The Sparling case is now on a police investigator's desk, and that investigator will decide whether or not to cite the driver (cops don't cite drivers on the scene of fatal collisions, following a district attorney directive).

"I don't think we really expected criminal charges, necessarily," says Sparling's aunt Kubota. But she's holding out hope that the police will now issue a citation for failing to yield to a cyclist in the bike lane.

"Even though it's a very minor infraction, I at least want to know there's something.
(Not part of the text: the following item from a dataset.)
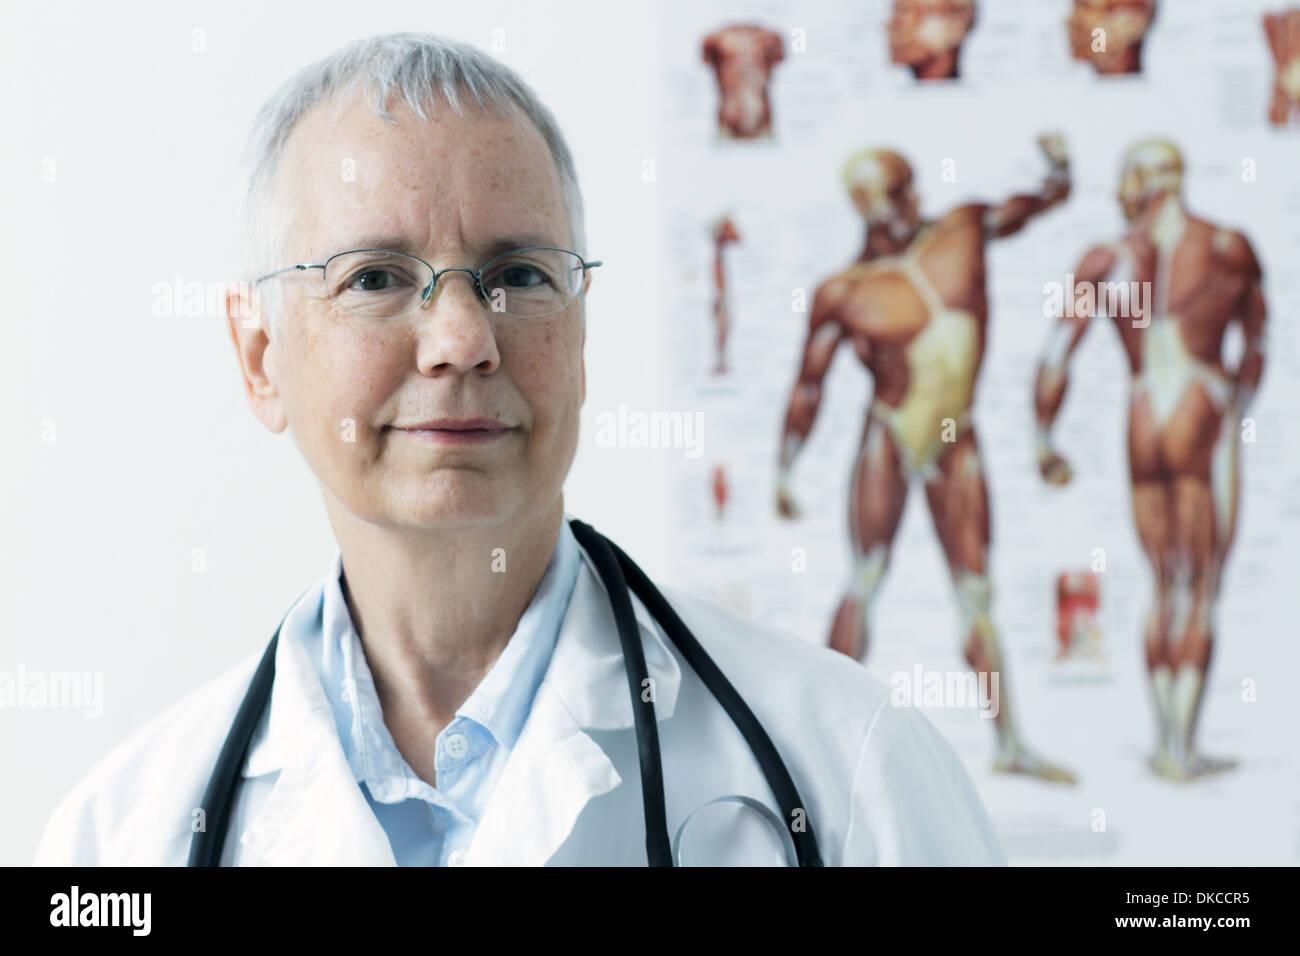 Une femme doc avec un muscle humain personne poster à l'arrière-plan, Photo Stock

Because there's got to be something to make drivers realize there's a consequence—no matter how minor—to them personally" when a cyclist is injured or killed.

Sparling's parents were unavailable for comment by press time; Kubota does not know if they plan to pursue legal action, but Sparling's father brought an attorney with him when he arrived at the district attorney's office on January 10 to hear the charging decision.

If the police don't issue a citation, Maus says the police need to find a creative solution for accountability.

"We need some sort of middle ground. Compromised accountability that doesn't hang someone publicly, but shows the public that a mistake was made, and it was serious," he says, suggesting a new kind of citation. "Call it something different. If you violated a law and violated someone's right of way that they were legally occupying, then that's a mistake for which you need to be legally held accountable."

Meanwhile, without criminal charges—and in the absence of a citation—the public perception remains: Sparling's death was her own fault, for hopping on a bike that day and using a bike lane in a legal manner.